L’atelier de chorégraphie verticale prenait forme. Lucie était en harmonie avec les membres du groupe, la date du spectacle approchait. À cause de la pluie, Lucie n’avait raté aucun rendez-vous du mercredi. Son idée préalable sur l’atelier s’était effacée devant la réalité de ce qu’elle vivait et surtout réussissait à exécuter. Il n’était pas question, comme elle le craignait, de se bouger les hanches et faire des pas cadencés comme sur une piste de danse ou dans les clips, mais de se laisser aller au rythme de la musique et de déplacer son corps avec la sensation d’apesanteur dans une chorégraphie aérienne de groupe (page 260).

 

Avis de PrestaPlume ♥♥♥♥

 

Avec son septième roman, « Mercredi blanc », Dominique Lin explore le monde de l’adolescence et sa face nord, celle cachée des regards non bienveillants, celle d’une différence qui cultive l’espoir. L’héroïne est une collégienne mature par les circonstances familiales et qui a fait de l’escalade son horizon de liberté. Elle a appris toute seule, sur les conseils d’un père disparu qu’elle croit entendre lors des moments ardus de ses ascensions urbaines illégales, nuitamment et sans protection. Pour elle, l’escalade est une bouffée d’air dans cette cité de banlieue grise et menaçante, hérissée de tours. En particulier, la tour numéro dix qui concentre le danger avec des trafics en tout genre. D’une voix poétique et sobre, l’auteur décrit le cheminement d’une adolescente courageuse et attendrissante entre la réalité d’un monde difficile et sa passion dévorante qui va l’amener, contre toute attente, à intégrer l’atelier de chorégraphie verticale d’un lycée voisin. Mais la porte du paradis va brutalement se refermer un certain mercredi trop blanc. Seule Lucie a les clés en main pour la rouvrir. Mais en aura-t-elle la volonté ? Une histoire simple, belle, actuelle, vivante, qui fait du bien à ses propres rêves.
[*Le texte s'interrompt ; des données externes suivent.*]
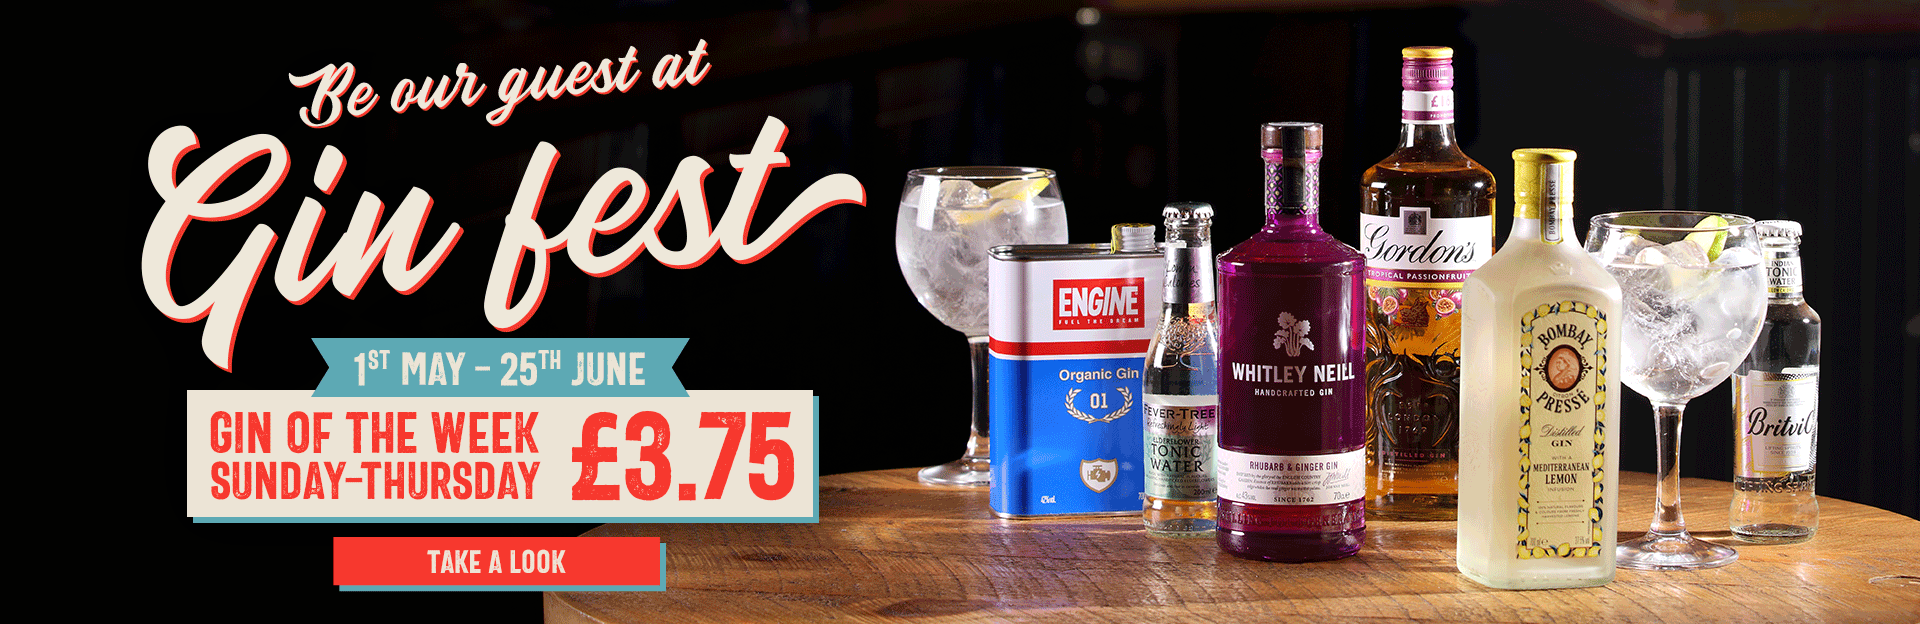 Gin Fest at The Golden Lion
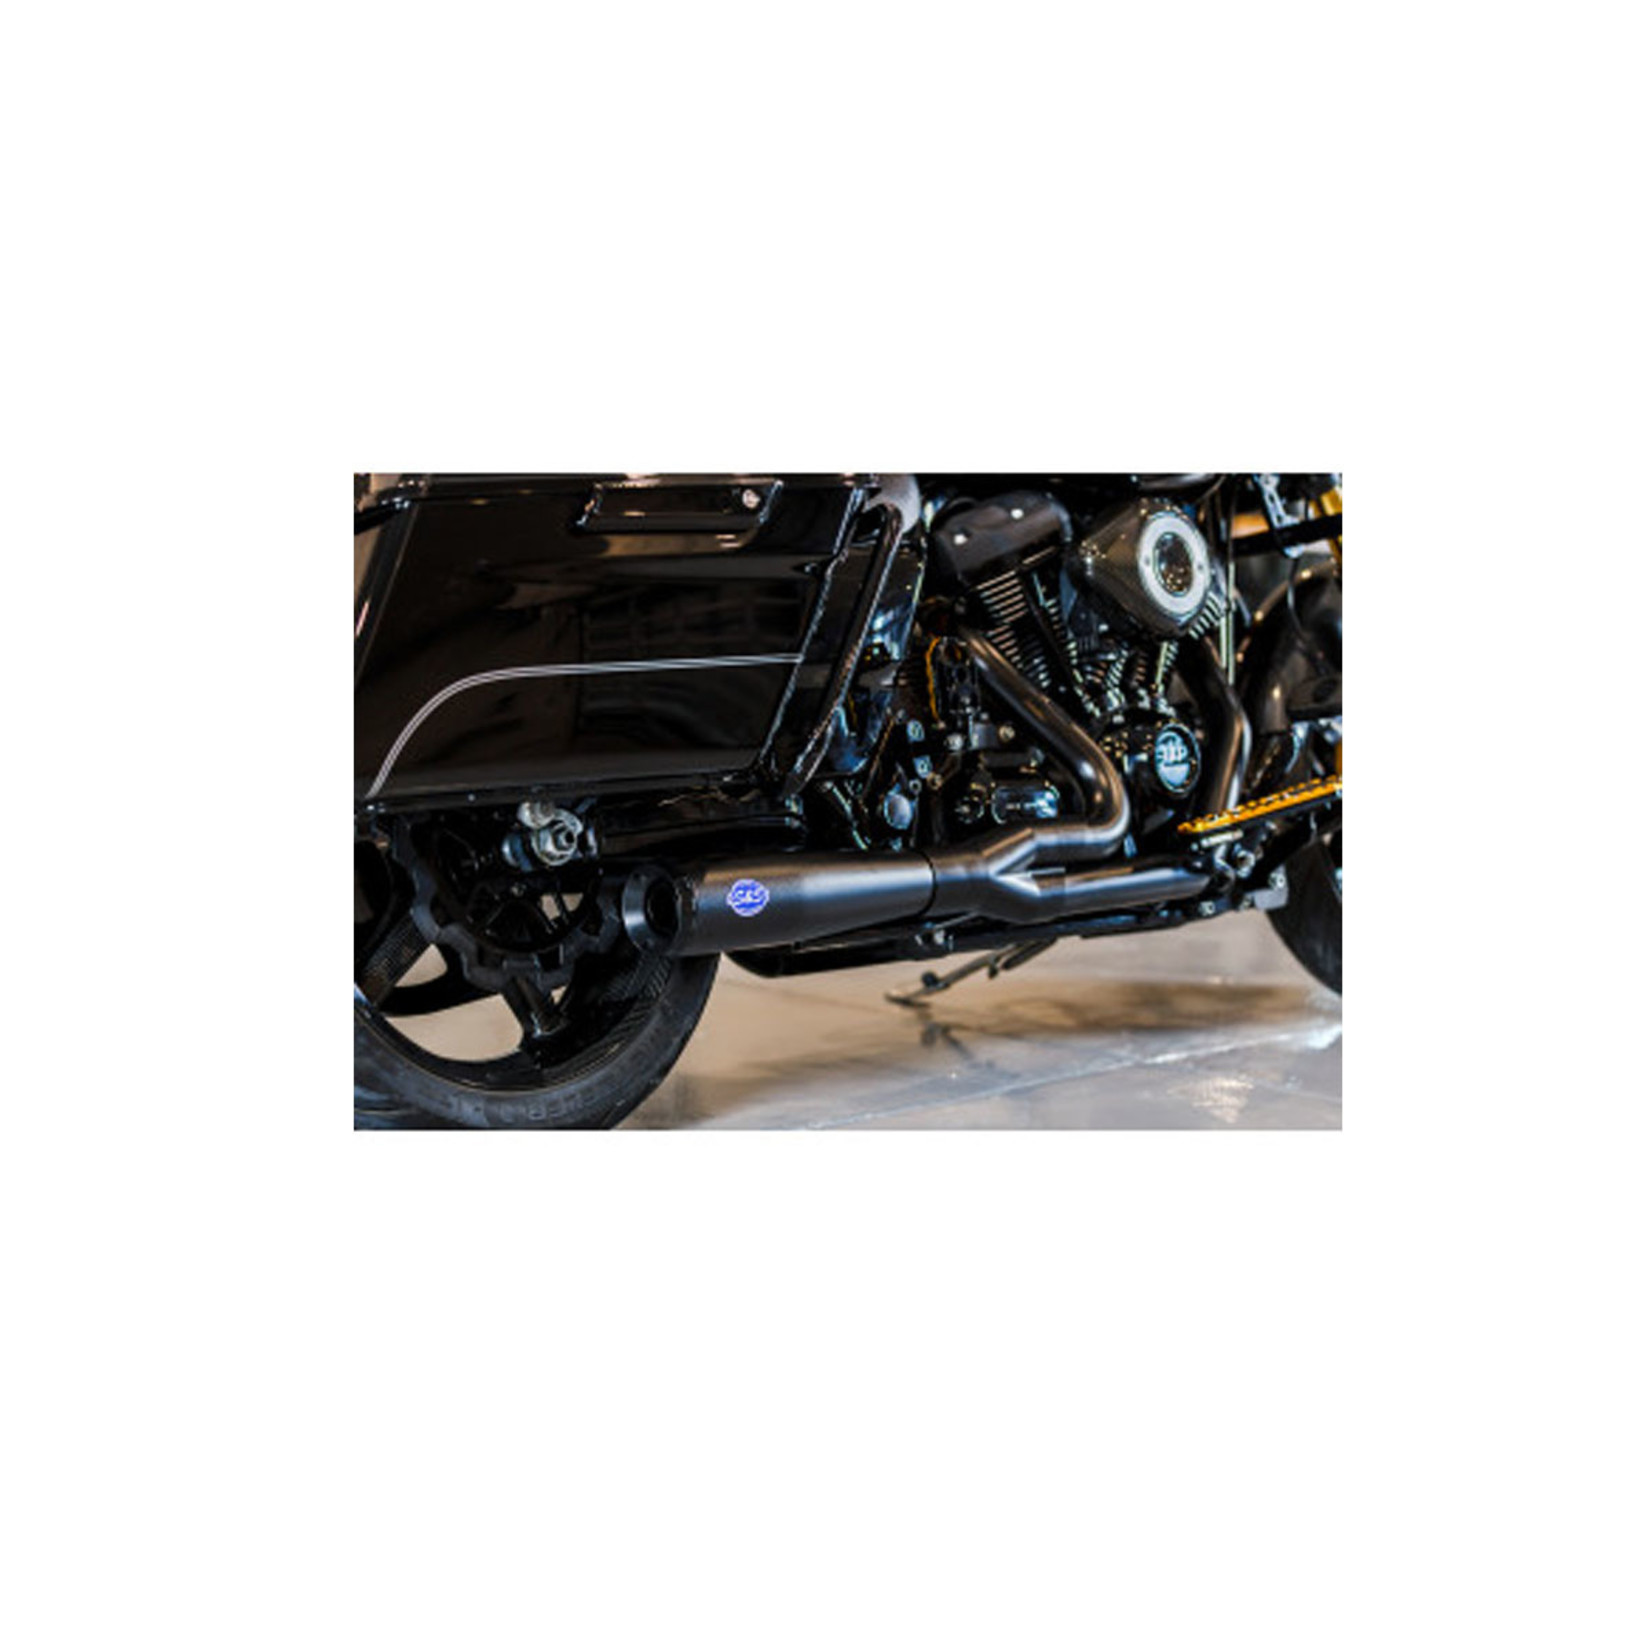 S&S CYCLE S&S CYCLE DIAMONDBACK  2-1 50 STATE EXHAUST SYSTEM, GUARDIAN BLACK  W/ BLACK ENDCAP for 2017-'22 M8 TOURING MODELS

Lucie vit dans une famille très modeste. Elle est la seule fille d’une fratrie de cinq enfants. Par nécessité, elle se charge de la maison et de ses deux petits frères en l’absence de leur mère qui se tue au travail et de leur père prétendument décédé. Elle n’a que quatorze ans, mais elle veut préserver sa mère. Ses rares moments de liberté, elle les consacre à l’escalade, une passion qu’elle cache à tous, même à son meilleur ami. Quand elle attaque les sommets de béton, elle ne pense plus à sa légère claudication. Elle fait même corps avec ce père guide de montagne décédé, qu’un mystère entoure. Là-haut, elle est heureuse, sereine, à sa place. Elle est très douée. Lorsqu’elle rejoint une équipe de grimpeurs et de grimpeuses du lycée voisin, c’est le bonheur absolu. Mais à l’approche de son rêve d’escalader au grand jour et de s’intégrer dans une équipe accueillante, il y a cet accident qui l’immobilise pour quelques semaines, voire davantage si elle ne reprend pas confiance en elle. Alors, c’est la lutte qui s’engage pour reconquérir, avec la complicité de la famille et de son meilleur ami, le sommet d’une confiance qui a dévissé un certain mercredi blanc.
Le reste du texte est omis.